10:50am-11:10am (Oct 2)
CLB 102

Chayu Yang,
University of Nebraska-Lincoln
Comparing R0 for a class of PDE epidemic models with ODE models
  We present a general numerical framework to compute the basic reproduction number R0 for a reaction-diffusion epidemic model and compare the value with the associated autonomous ODE model.


11:10am-11:30am (Oct 2)
CLB 102

Yanzhi Zhang,
Missouri University of Science and Technology
Numerical methods for heterogeneous problems with variable-order fractional Laplacian
  In this talk, I will introduce the recently developed meshfree methods based on the radial basis function to solve problems with the variable-order fractional Laplacian.
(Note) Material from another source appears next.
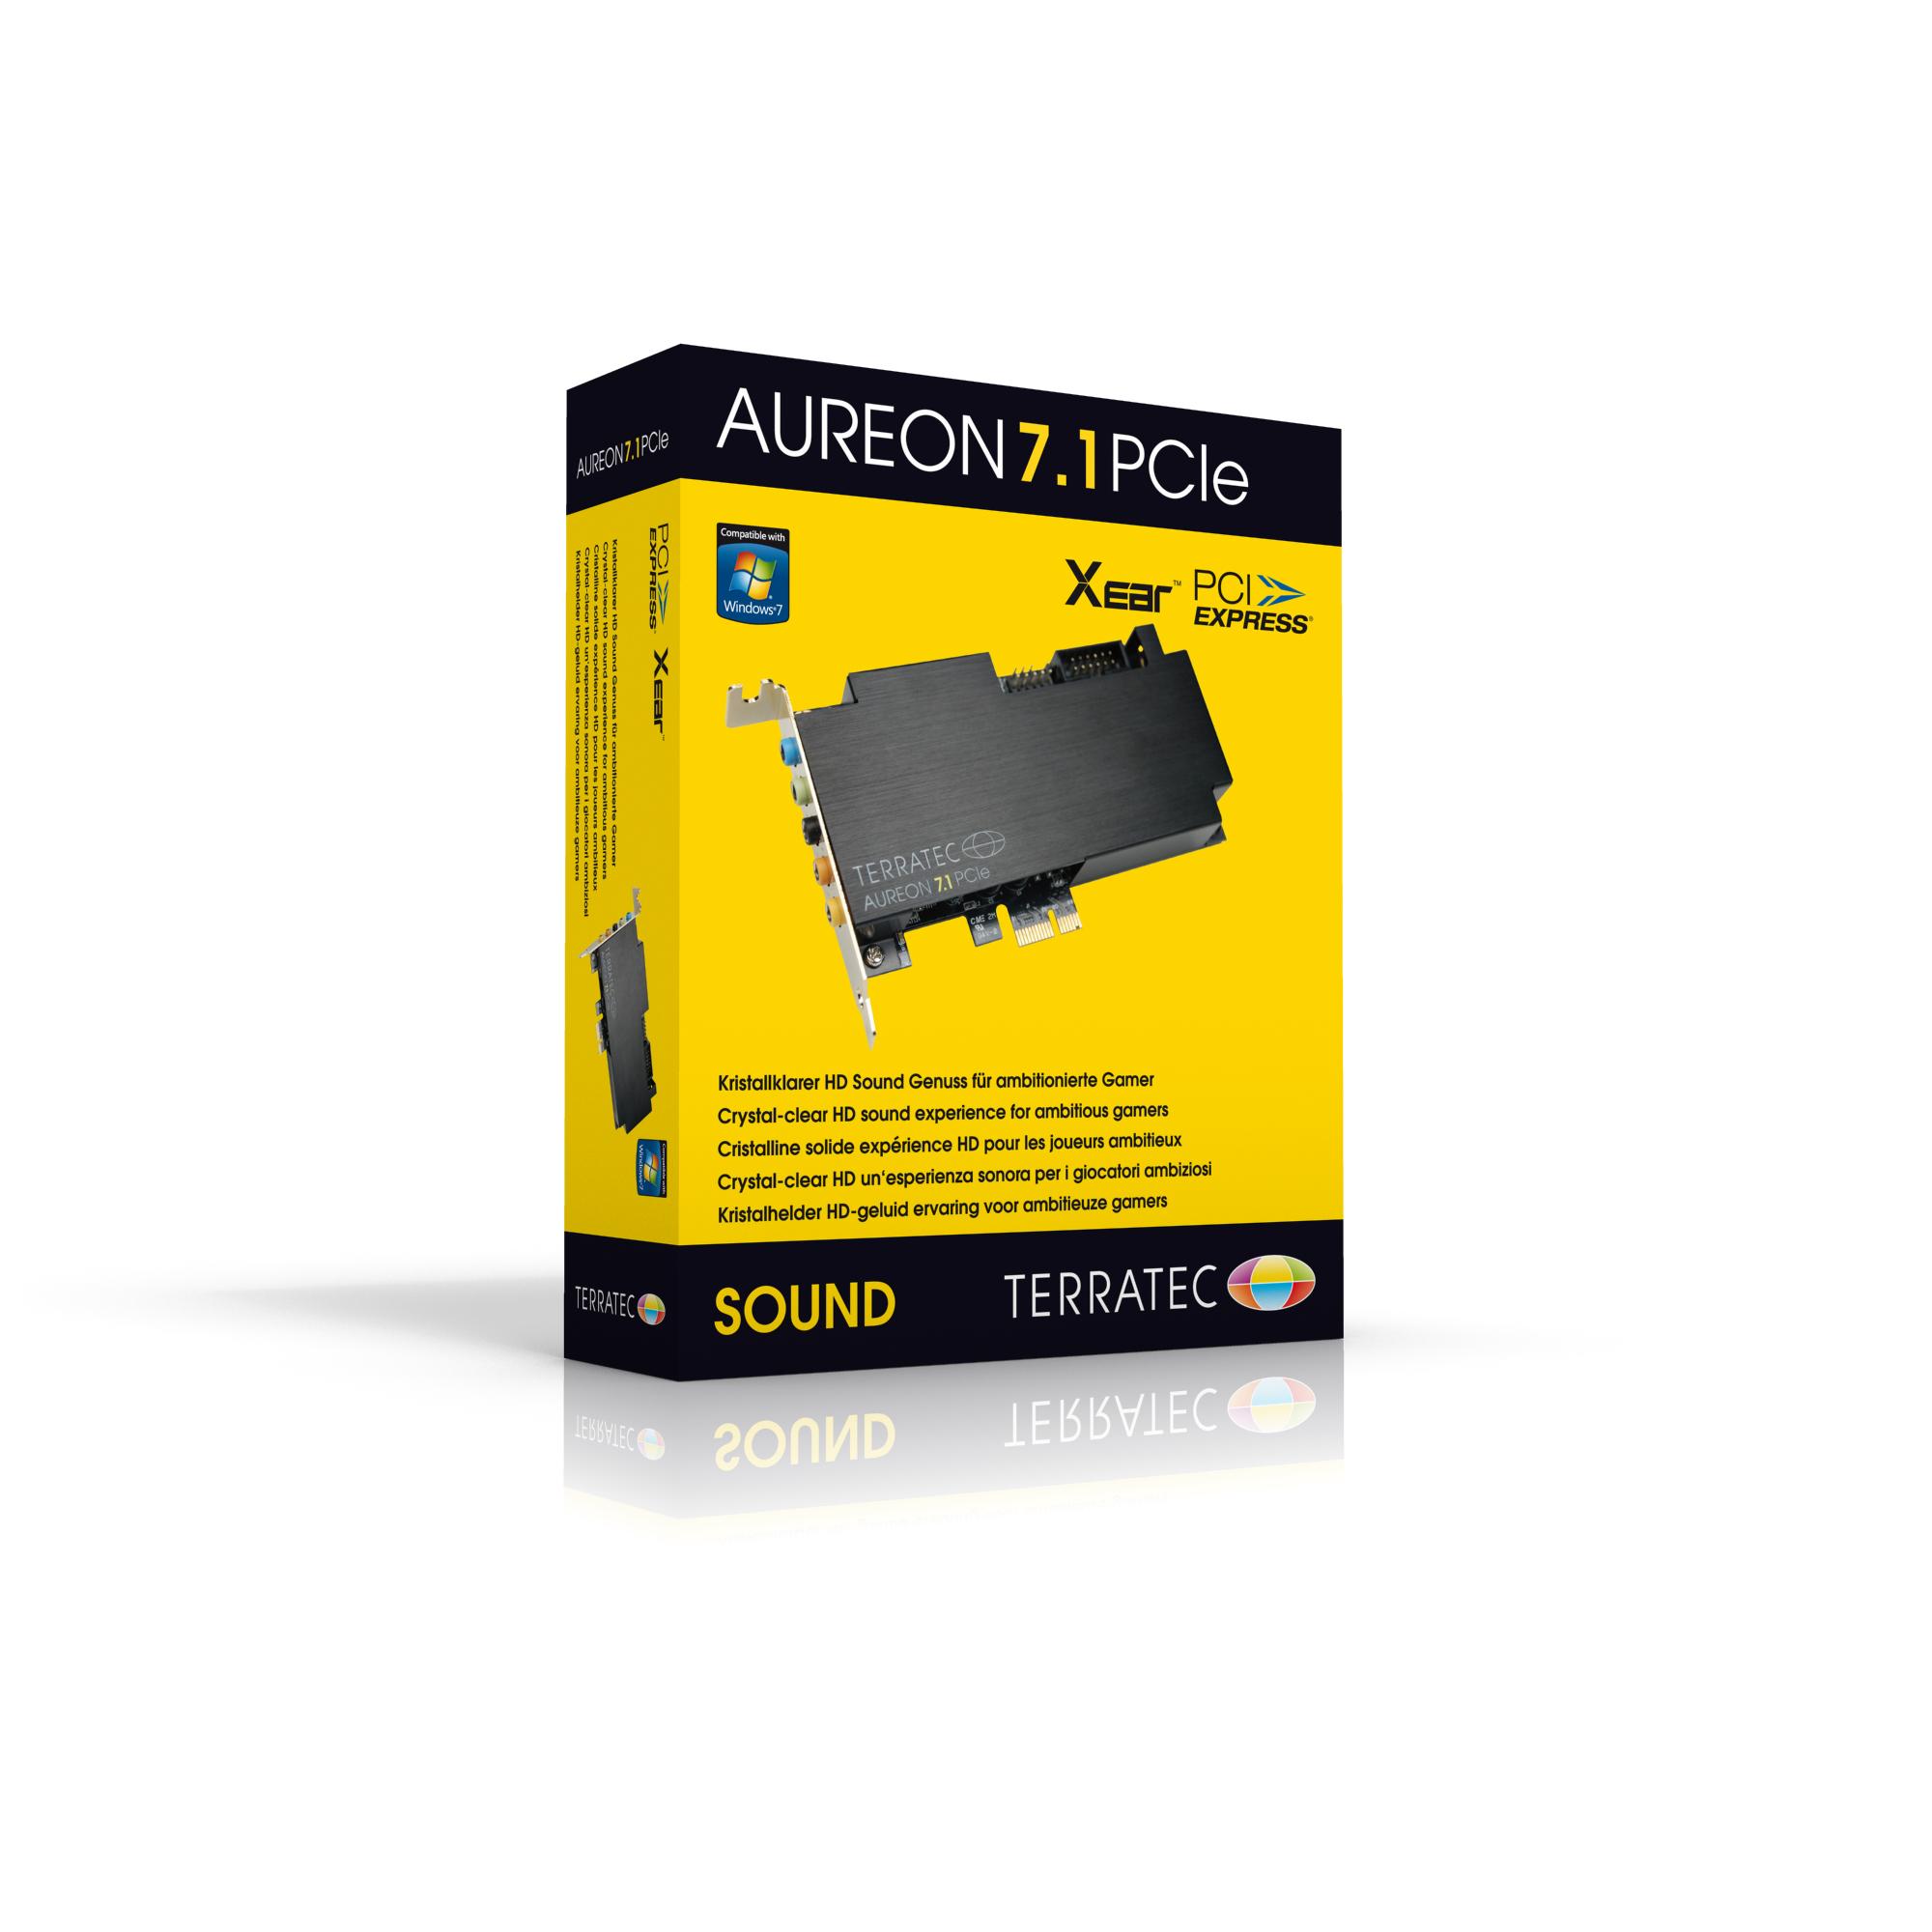 TERRATEC AUREON 7.1 PCIE SOUND CARD WINDOWS 10 DRIVER
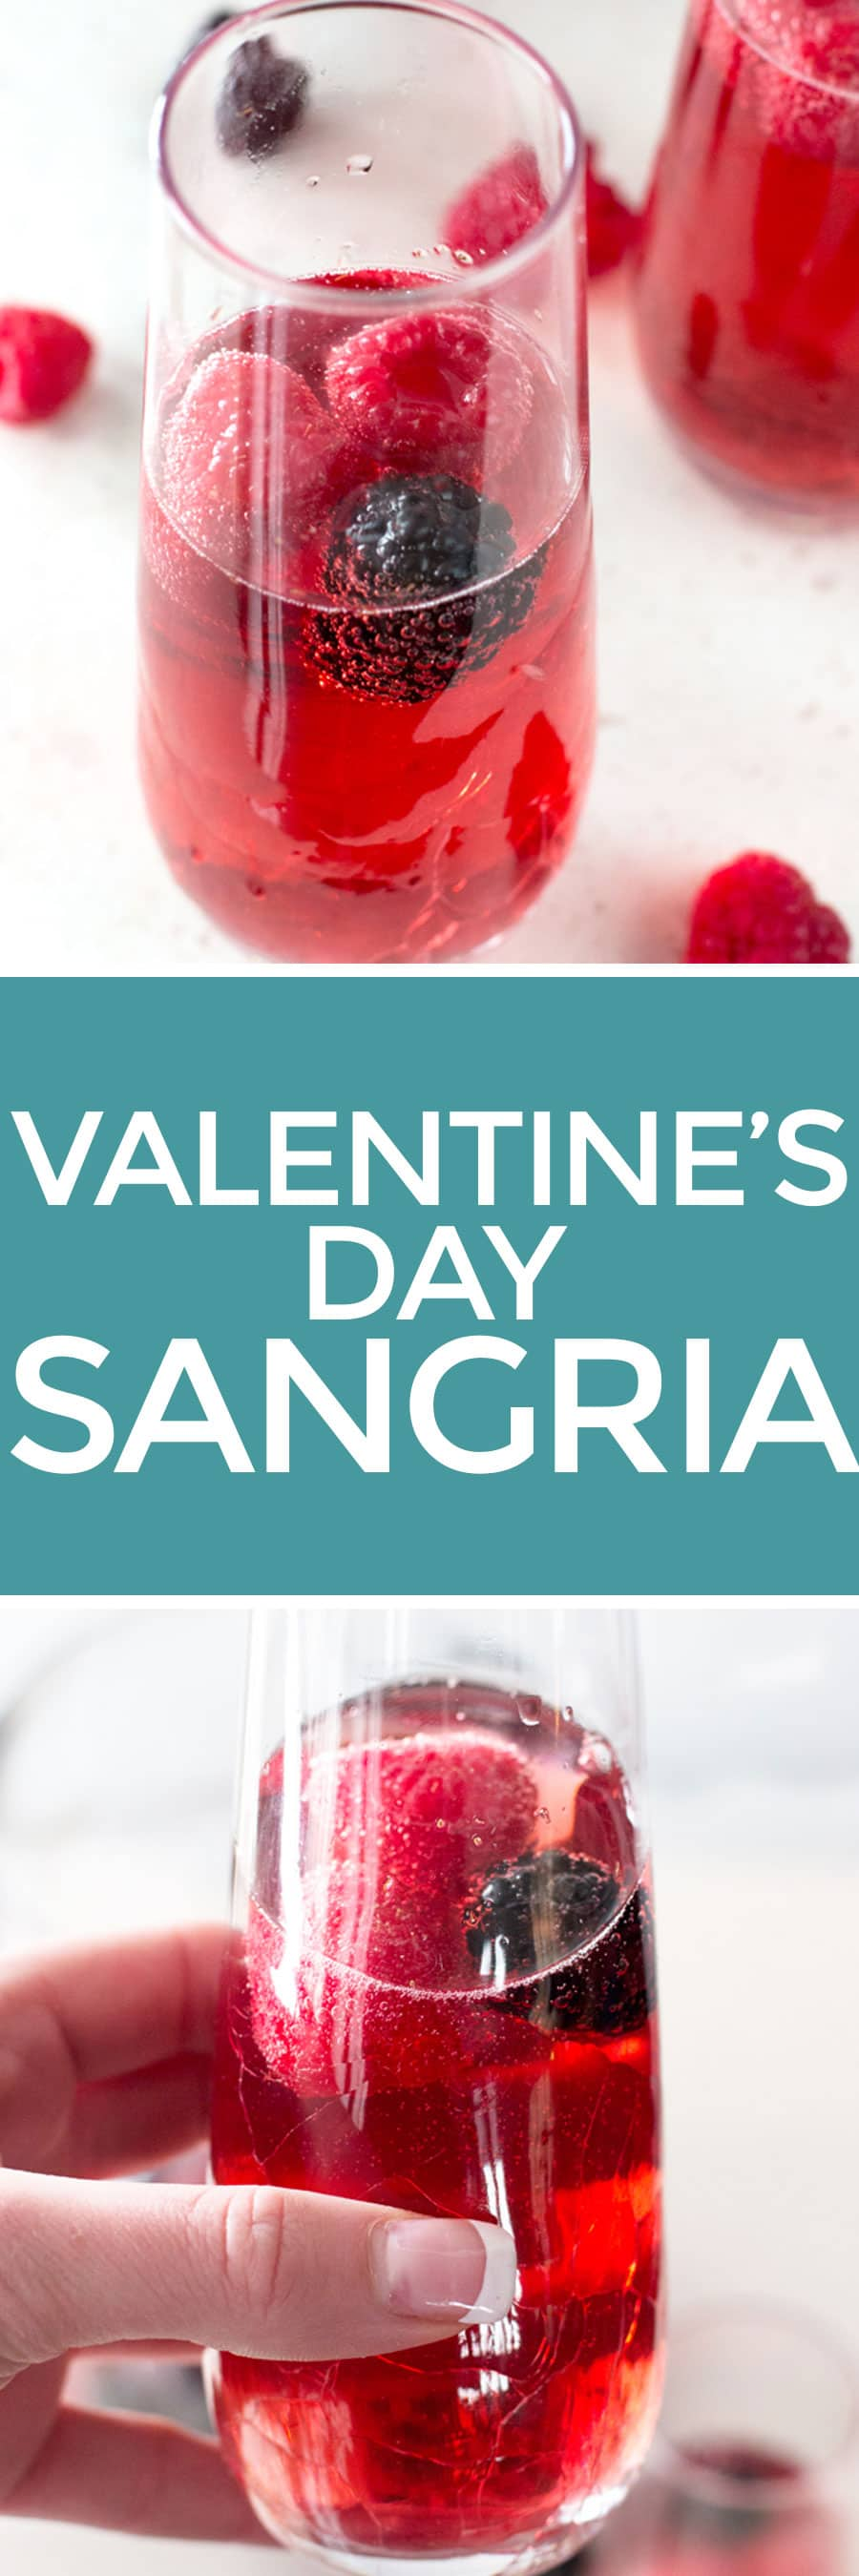 Valentine's Day Sangria | cakenknife.com

The proposed methods take advantage of the analytical Laplacian of the radial basis functions so as to accommodate the discretization of the classical and variable-order fractional Laplacian in a single framework and avoid the large computational cost for numerical evaluation of the fractional derivatives. Moreover, our methods are simple and easy to handle complex geometry and local refinements, and their computer program implementation remains the same for any dimension d. The effects of variable-order fractional Laplacian will also be discussed.


11:30am-11:50am (Oct 2)
CLB 102

Jia Zhao,
Utah State University
Solving and learning phase field models using the modified physics informed neural networks
  In this talk, we introduce some recent results on solving and learning phase field models using deep neural networks. In the first part, we focus on using the deep neural network to design an automatic numerical solver for the Allen-Cahn and Cahn-Hilliard equations by proposing an adaptive physics informed neural network (PINN). In particular, we propose to embrace the adaptive idea in both space and time and introduce various sampling strategies, such that we are able to improve the efficiency and accuracy of the PINN on solving phase field equations. In the second part, we introduce a new deep learning framework for discovering the phase field models from existing image data. The new framework embraces the approximation power of physics informed neural networks (PINN), and the computational efficiency of the pseudo-spectral methods, which we named pseudo-spectral PINN or SPINN. We will illustrate its approximation power by some interesting examples.